# Listed entries:
========

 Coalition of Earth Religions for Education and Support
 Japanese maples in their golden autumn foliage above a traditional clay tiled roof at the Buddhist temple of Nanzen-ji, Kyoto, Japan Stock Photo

========

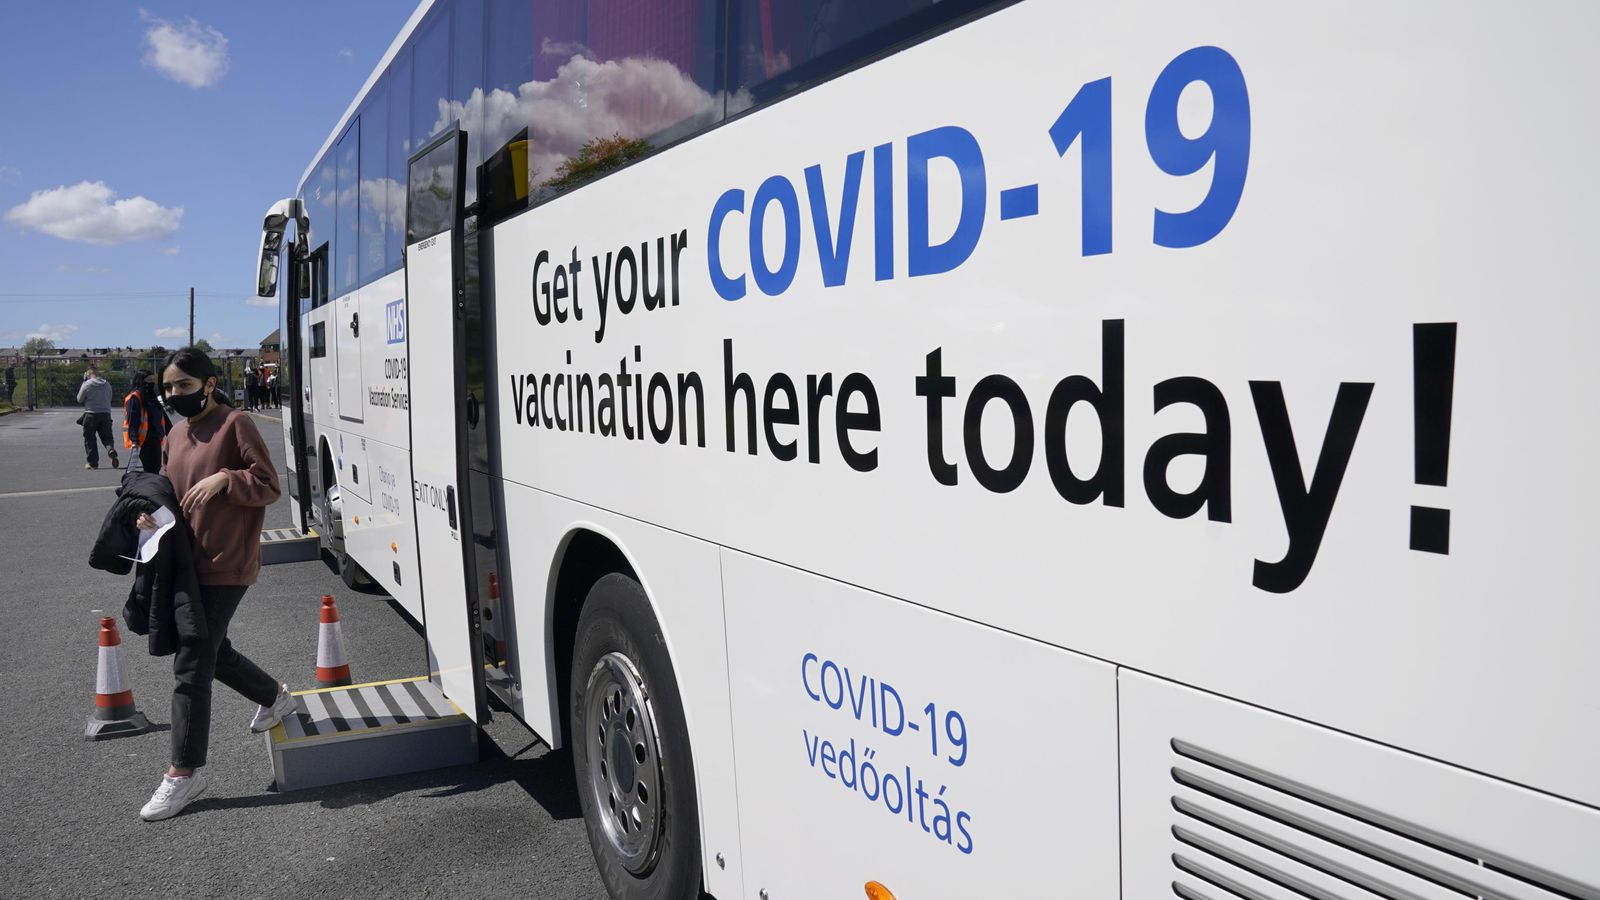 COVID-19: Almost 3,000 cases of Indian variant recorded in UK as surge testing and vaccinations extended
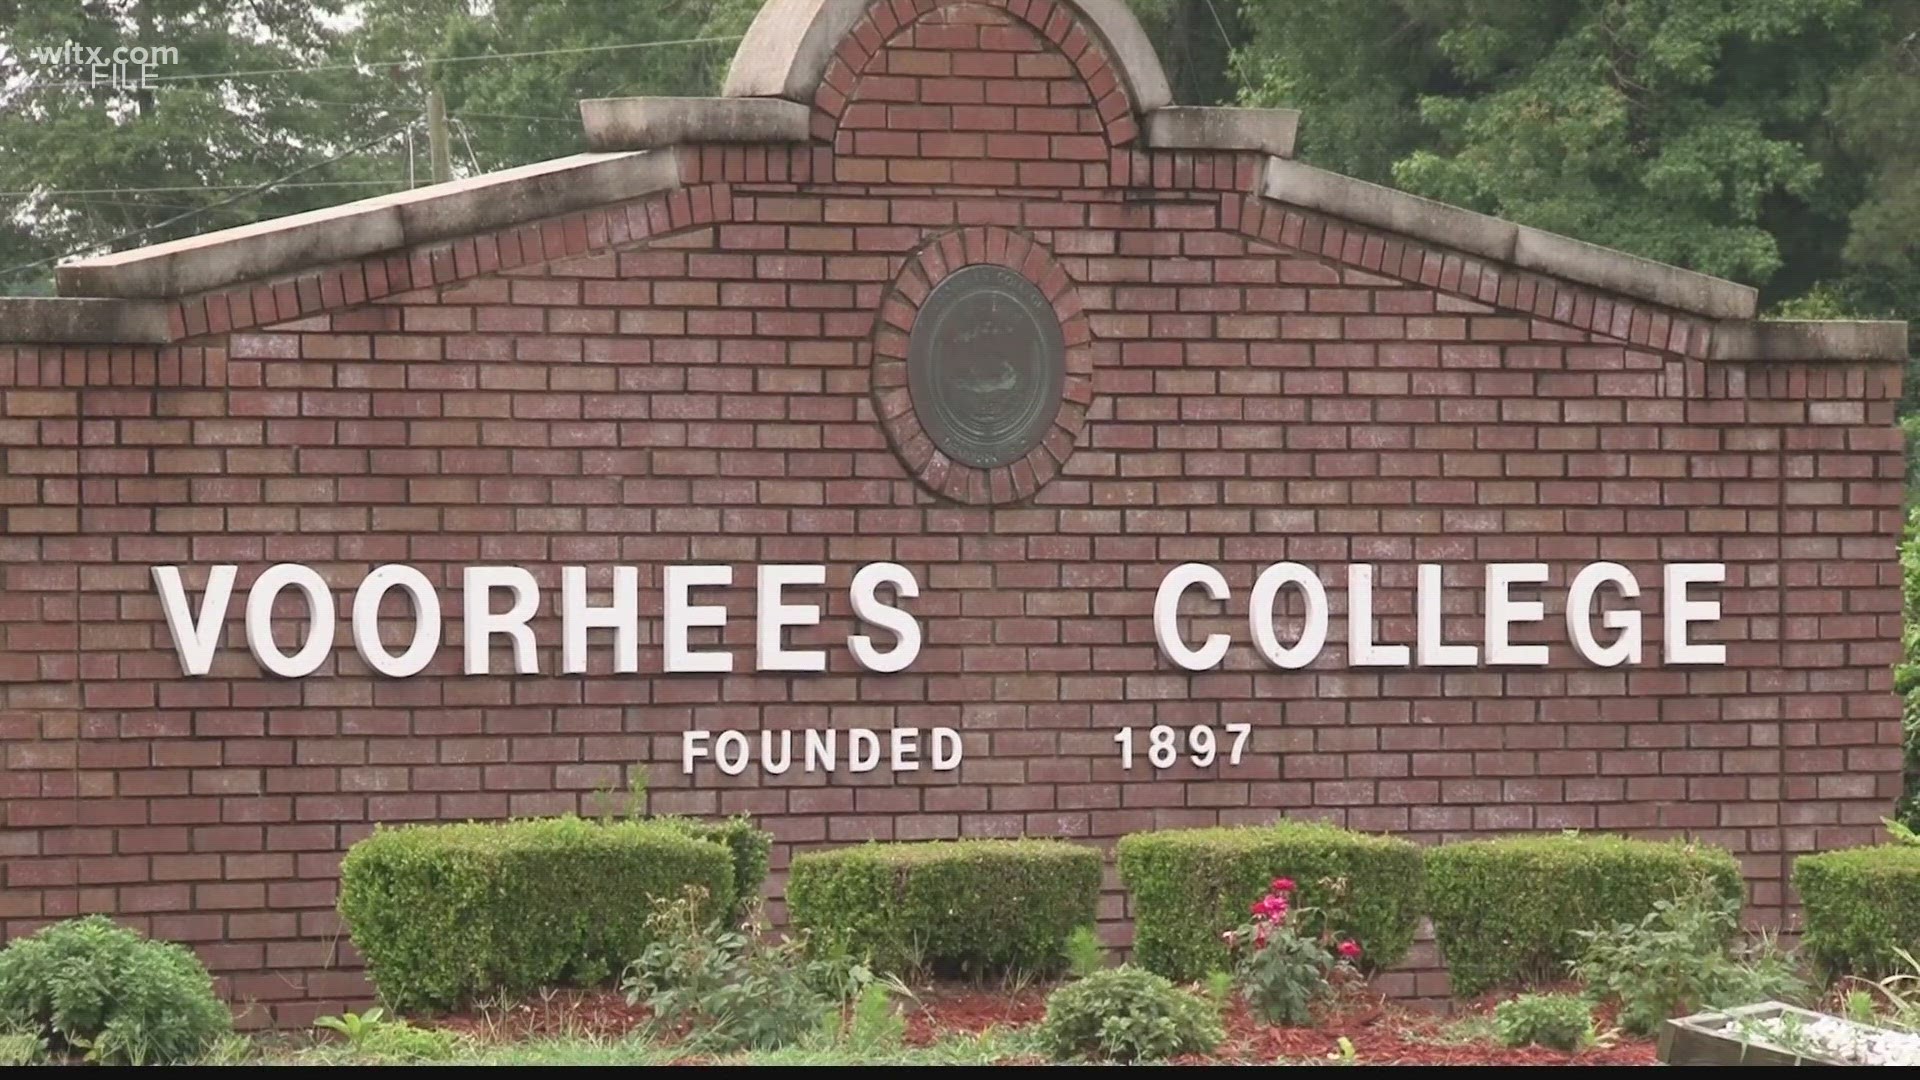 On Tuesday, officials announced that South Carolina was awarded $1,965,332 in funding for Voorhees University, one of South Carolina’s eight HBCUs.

========

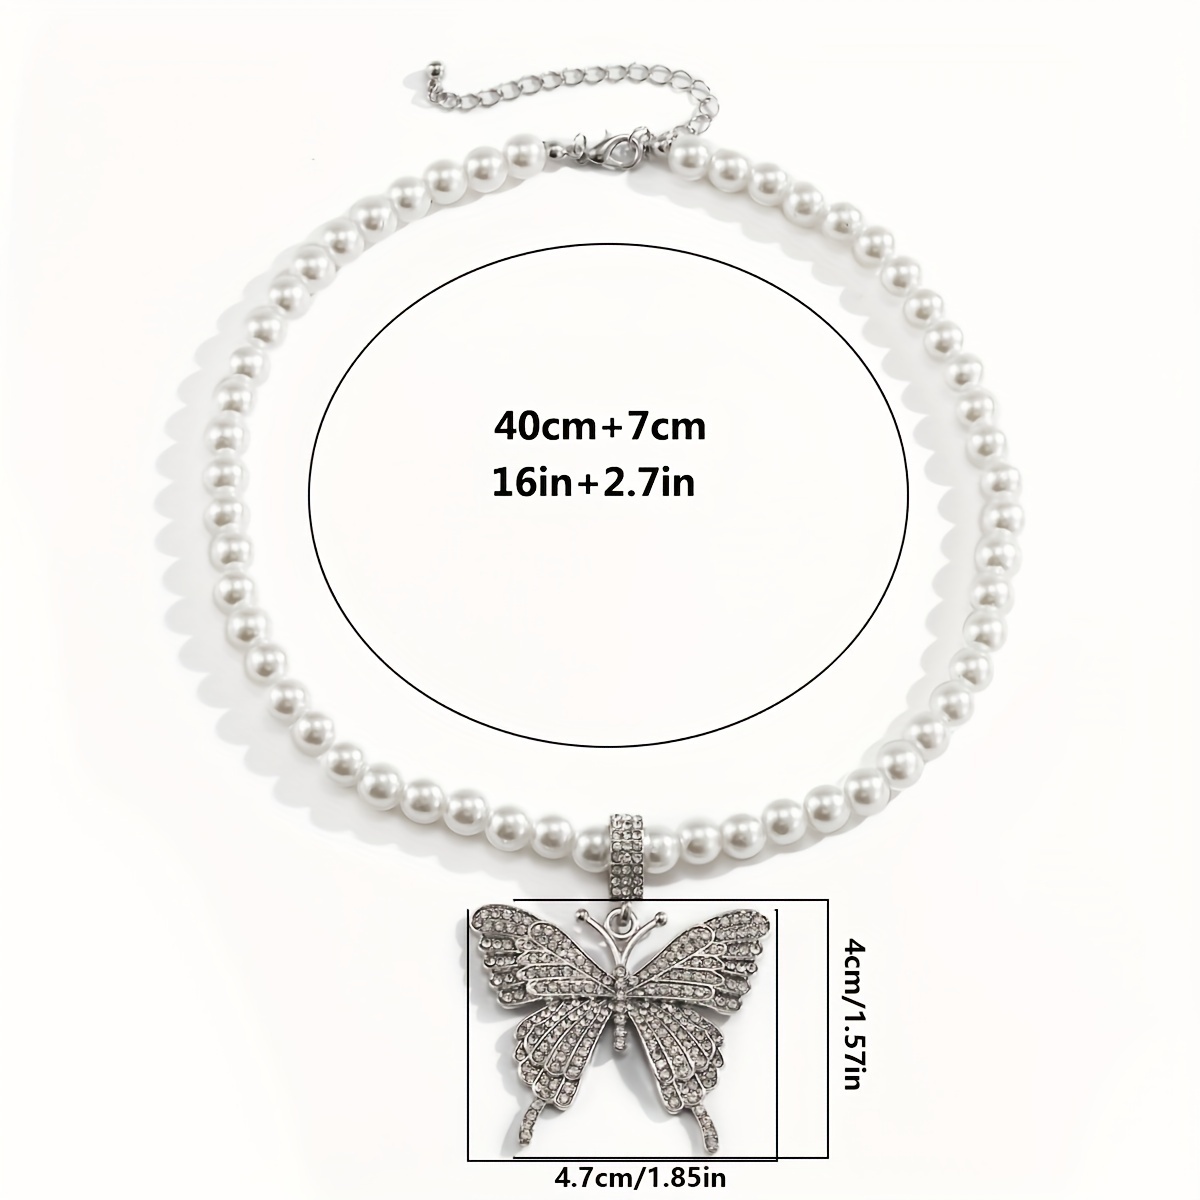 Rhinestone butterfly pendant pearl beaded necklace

========

# Your goal:
Could the stretch from the line with "COVID-19: Almost 3,000" through the line with "On Tuesday, officials" in the listing above be restated word for word, minus the pictures?

# Your solution:
 COVID-19: Almost 3,000 cases of Indian variant recorded in UK as surge testing and vaccinations extended
 On Tuesday, officials announced that South Carolina was awarded $1,965,332 in funding for Voorhees University, one of South Carolina’s eight HBCUs.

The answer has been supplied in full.